Locate the line containing "A slice of strawberry" in the material below. Copy that line and all following lines through the end exactly, omitting any pictures.

_Data below_

- - - -

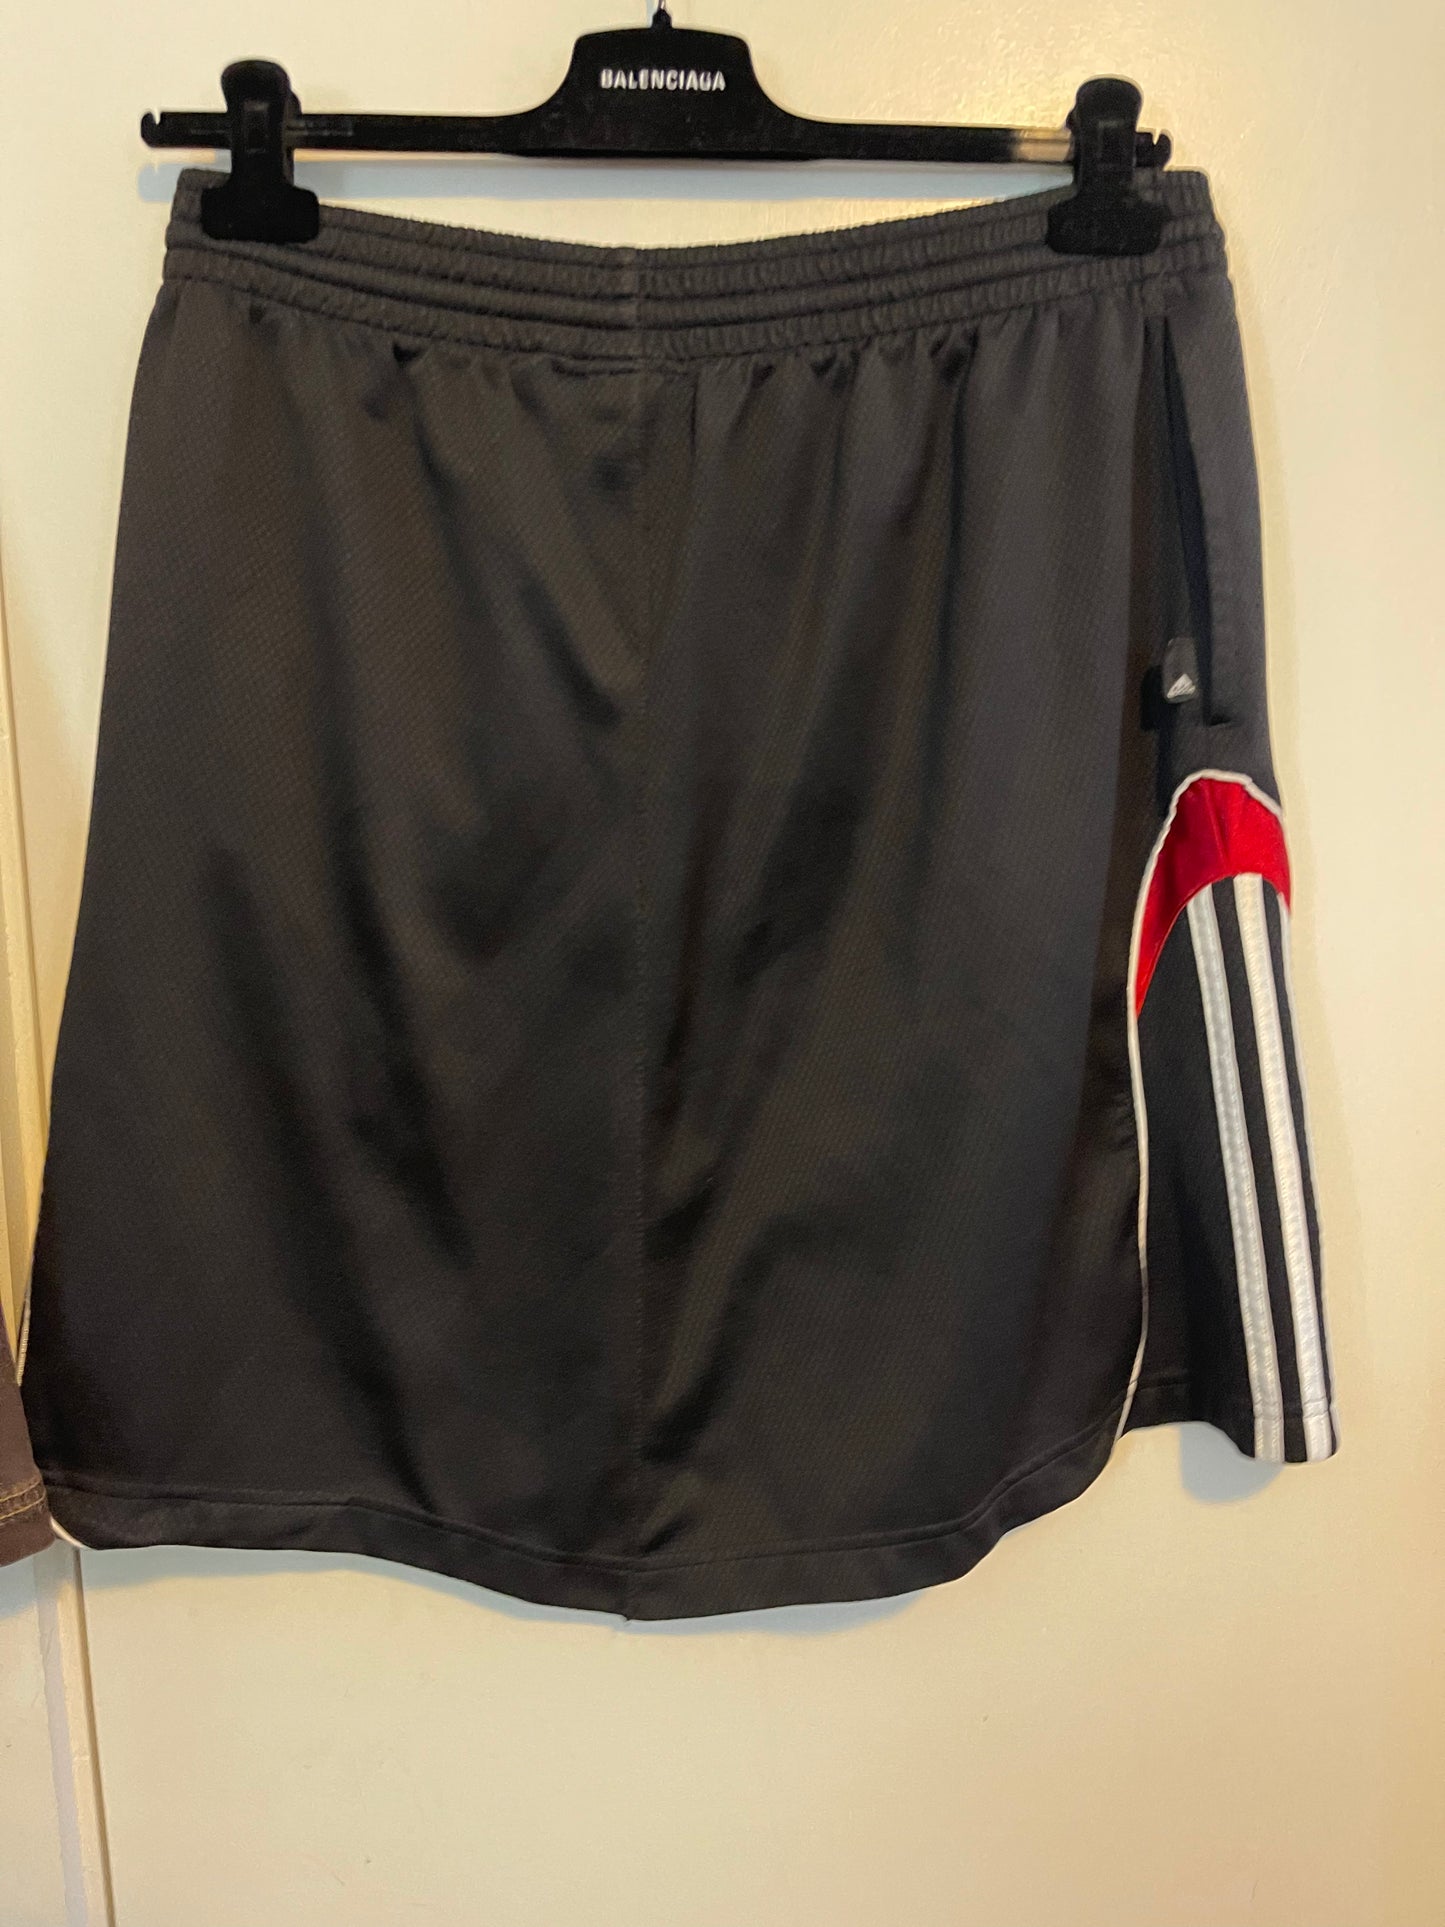 Kunai NYC track adidas skirt
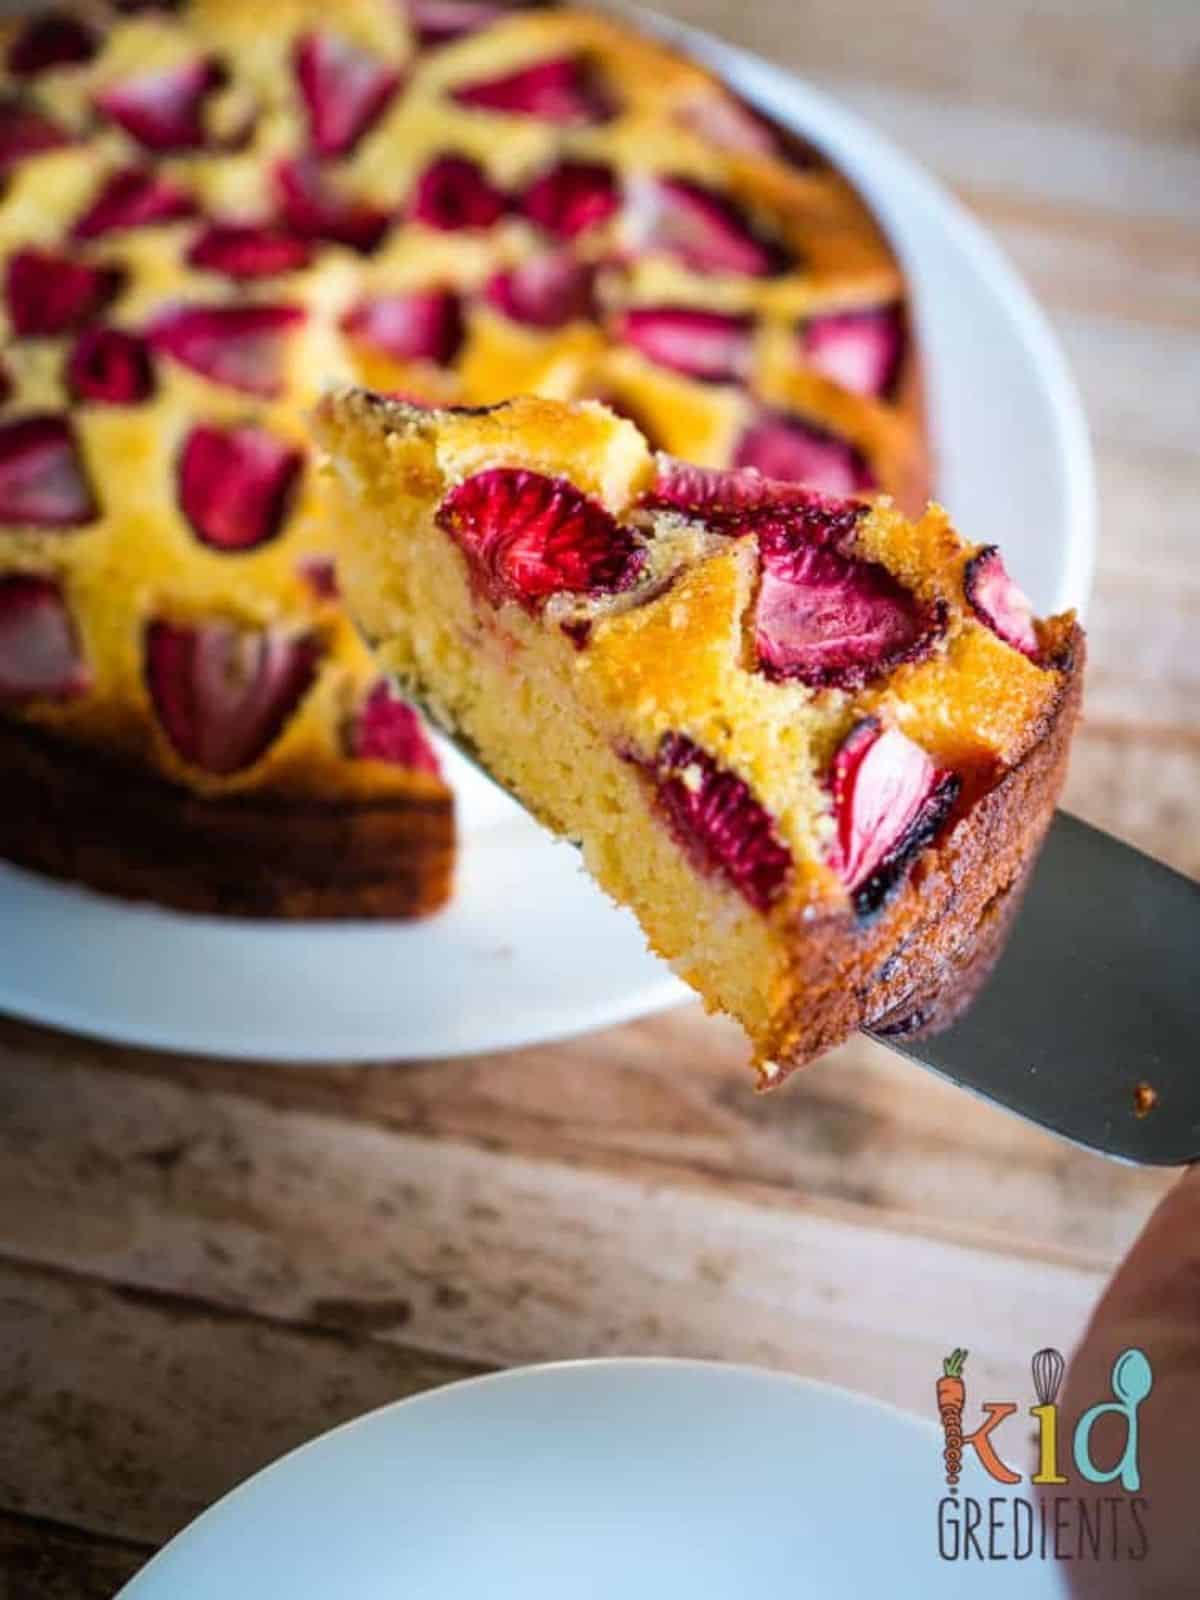 A slice of strawberry and lemon polenta cake on a cake slicer
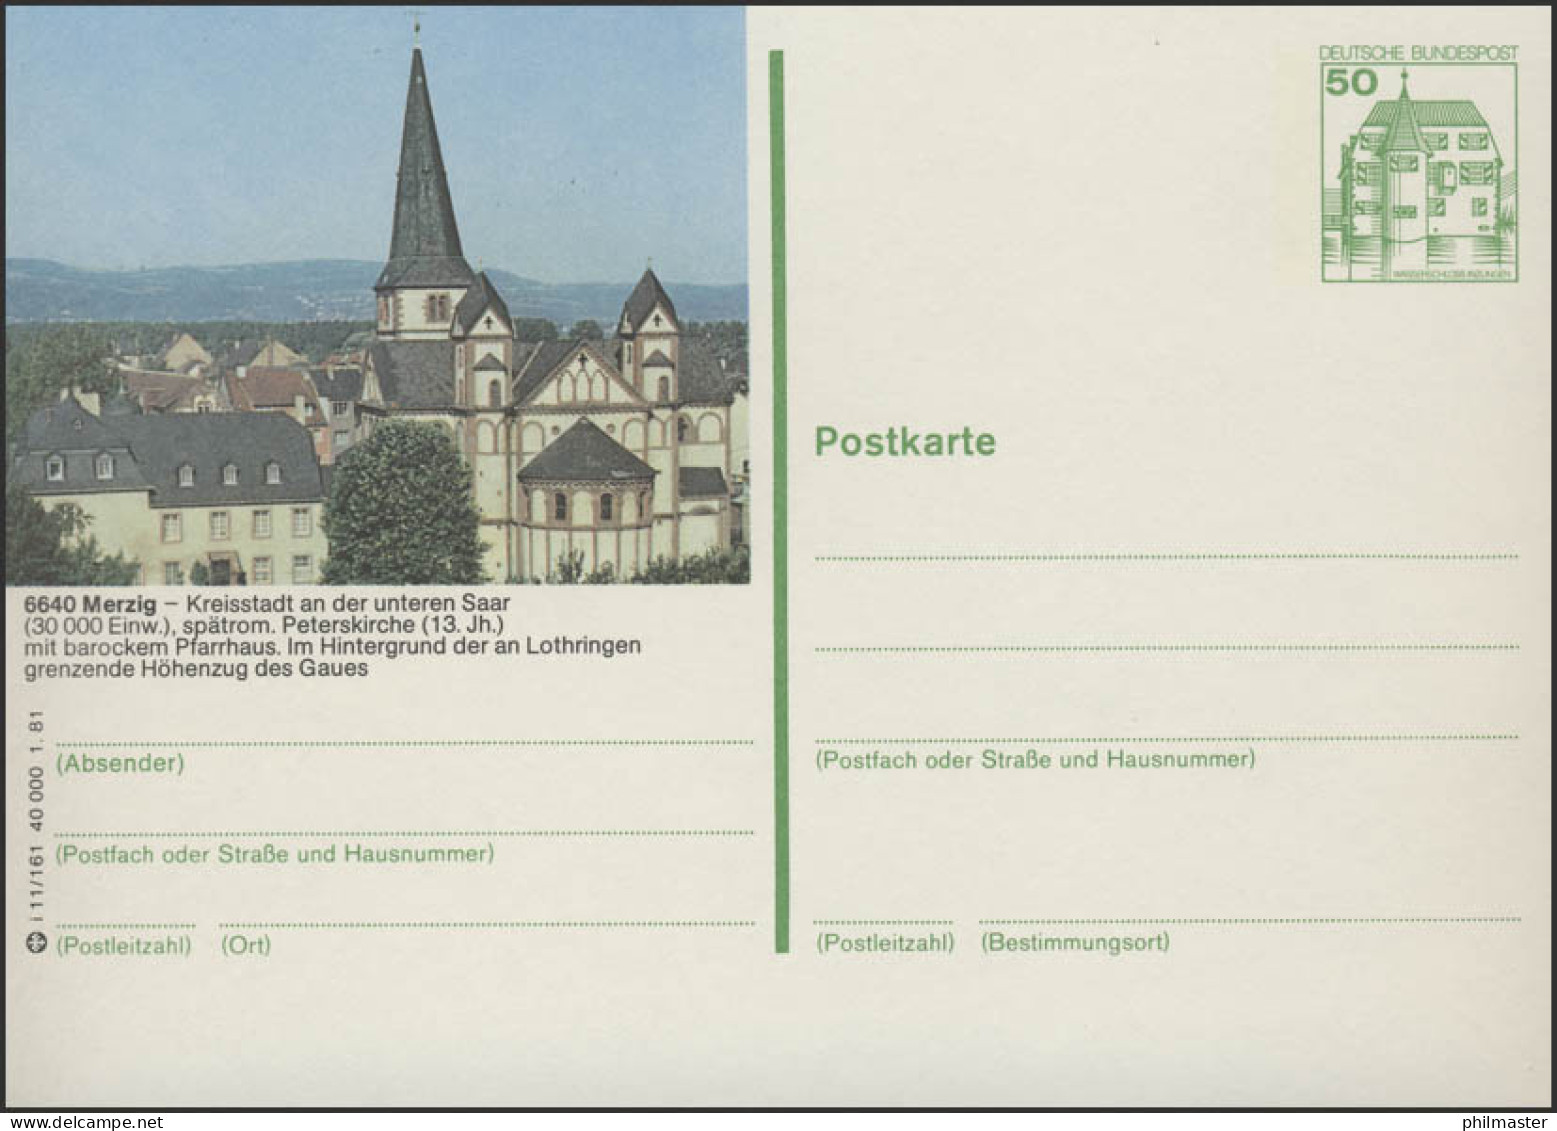 P134-i11/161 - 6640 Merzig, St.-Peter-Kirche ** - Illustrated Postcards - Mint

- - - -

_Finished task_
 A slice of strawberry and lemon polenta cake on a cake slicer
 P134-i11/161 - 6640 Merzig, St.-Peter-Kirche ** - Illustrated Postcards - Mint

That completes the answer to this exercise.